Menurut kalkulasi internal, perusahaan yang memproses sekitar satu triliun token AI per hari di Google Cloud dapat menghemat biaya lebih dari 1 miliar dollar AS atau sekitar 17,7 triliun rupiah per tahun jika memindahkan beban kerjanya ke model baru ini.

"Gemini 3.5 Flash lebih baik dibanding 3.1 Pro, dengan performa mendekati model AI frontier lain, tetapi empat kali lebih cepat dan biayanya hanya sekitar sepertiga hingga setengahnya," kata Pichai.

Secara umum, model AI dengan kemampuan multimodal ini dirancang untuk kebutuhan "agentic AI" yang mampu bekerja mandiri menjalankan tugas bertahap, mulai dari coding, penggunaan tools, hingga pengambilan keputusan otomatis.

Lewat informasi di laman resmi Google DeepMind, model ini cocok untuk analisis dokumen panjang seperti PDF, penalaran tingkat lanjut, pemahaman teks, gambar, video, hingga audio untuk produktivitas sehari-hari.

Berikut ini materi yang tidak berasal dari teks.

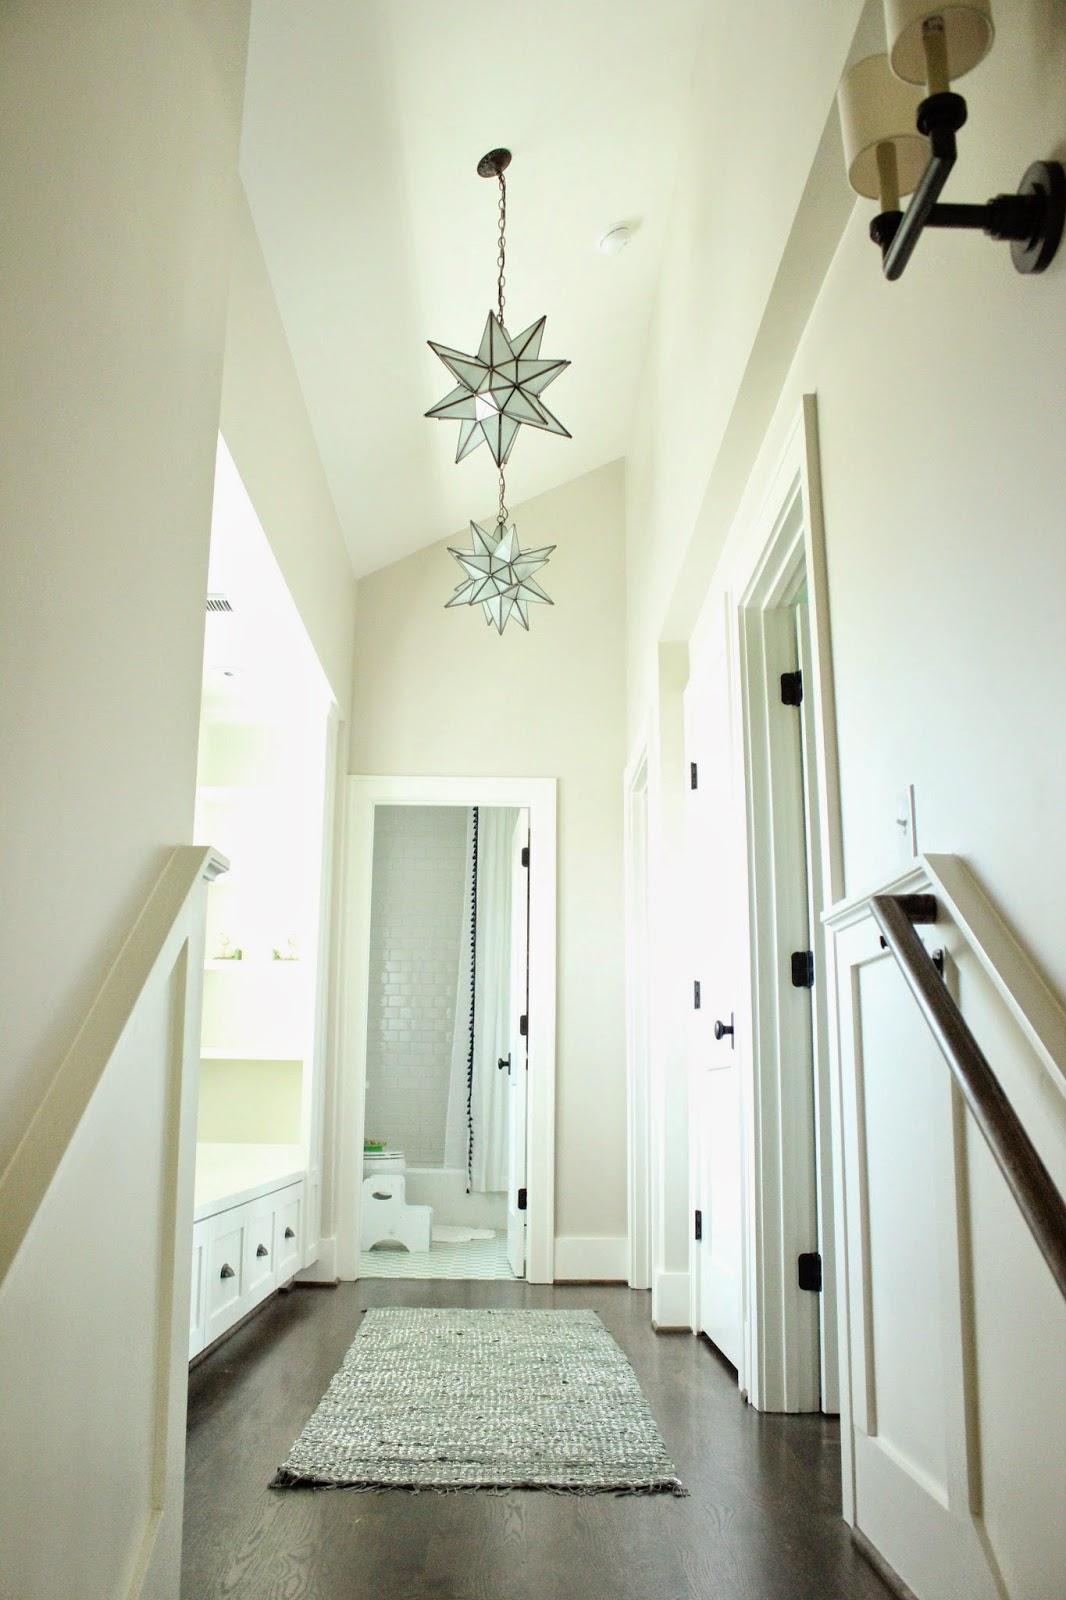 Hanging Star Pendant Light
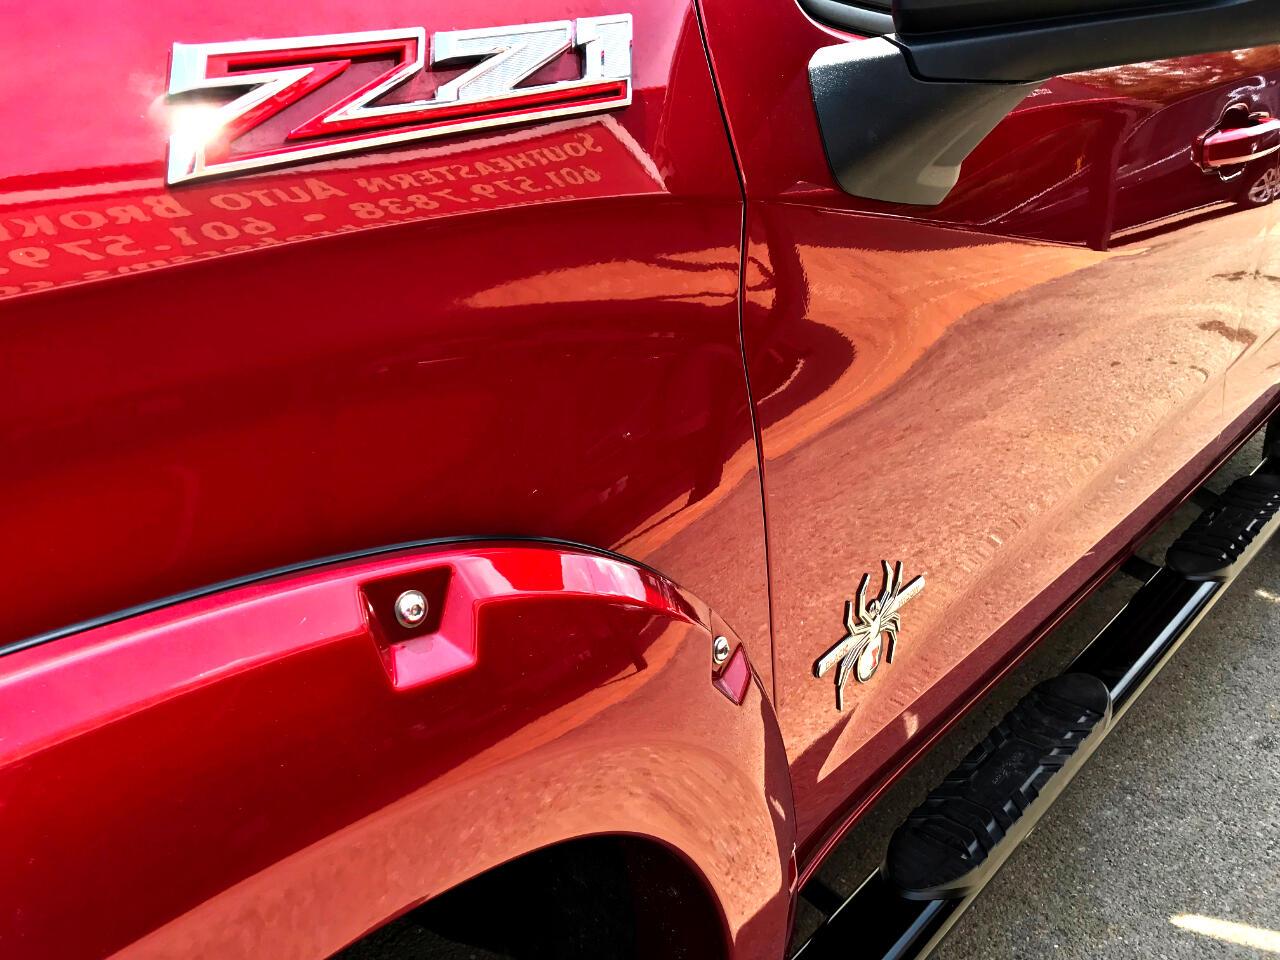 2019 Chevrolet Silverado 1500 RST CREW CAB 4WD SCA PERFORMANCE BLACK WIDOW CUSTO

Dalam pengujian benchmark internal, Gemini 3.5 Flash memperoleh skor 76,2 persen di Terminal-bench 2.1 untuk coding agentic, mengungguli Gemini 3 Flash, Gemini 3.1 Pro, dan Claude Opus 4.7.

Pengujian pada benchmark MCP Atlas untuk workflow multitahap mencatat skor 83,6 persen yang lebih tinggi dari GPT 5.5 milik OpenAI dengan skor 75,3 persen.

Model ini juga meraih skor 84,2 persen pada benchmark CharXiv Reasoning untuk analisis grafik kompleks, serta skor 57,9 persen pada benchmark Finance Agent v2 untuk analisis finansial.

Saat ini, Gemini 3.5 Flash masih berstatus preview dengan dukungan konteks input hingga 1 juta token dan output maksimal mencapai 64.000 token.

Model AI ini sudah tersedia di aplikasi Gemini, Gemini API, Google AI Studio, Google Antigravity, Android Studio, hingga platform Gemini Enterprise, di mana Google juga memperkenalkan Gemini Omni dan Gemini Spark dalam ajang yang sama.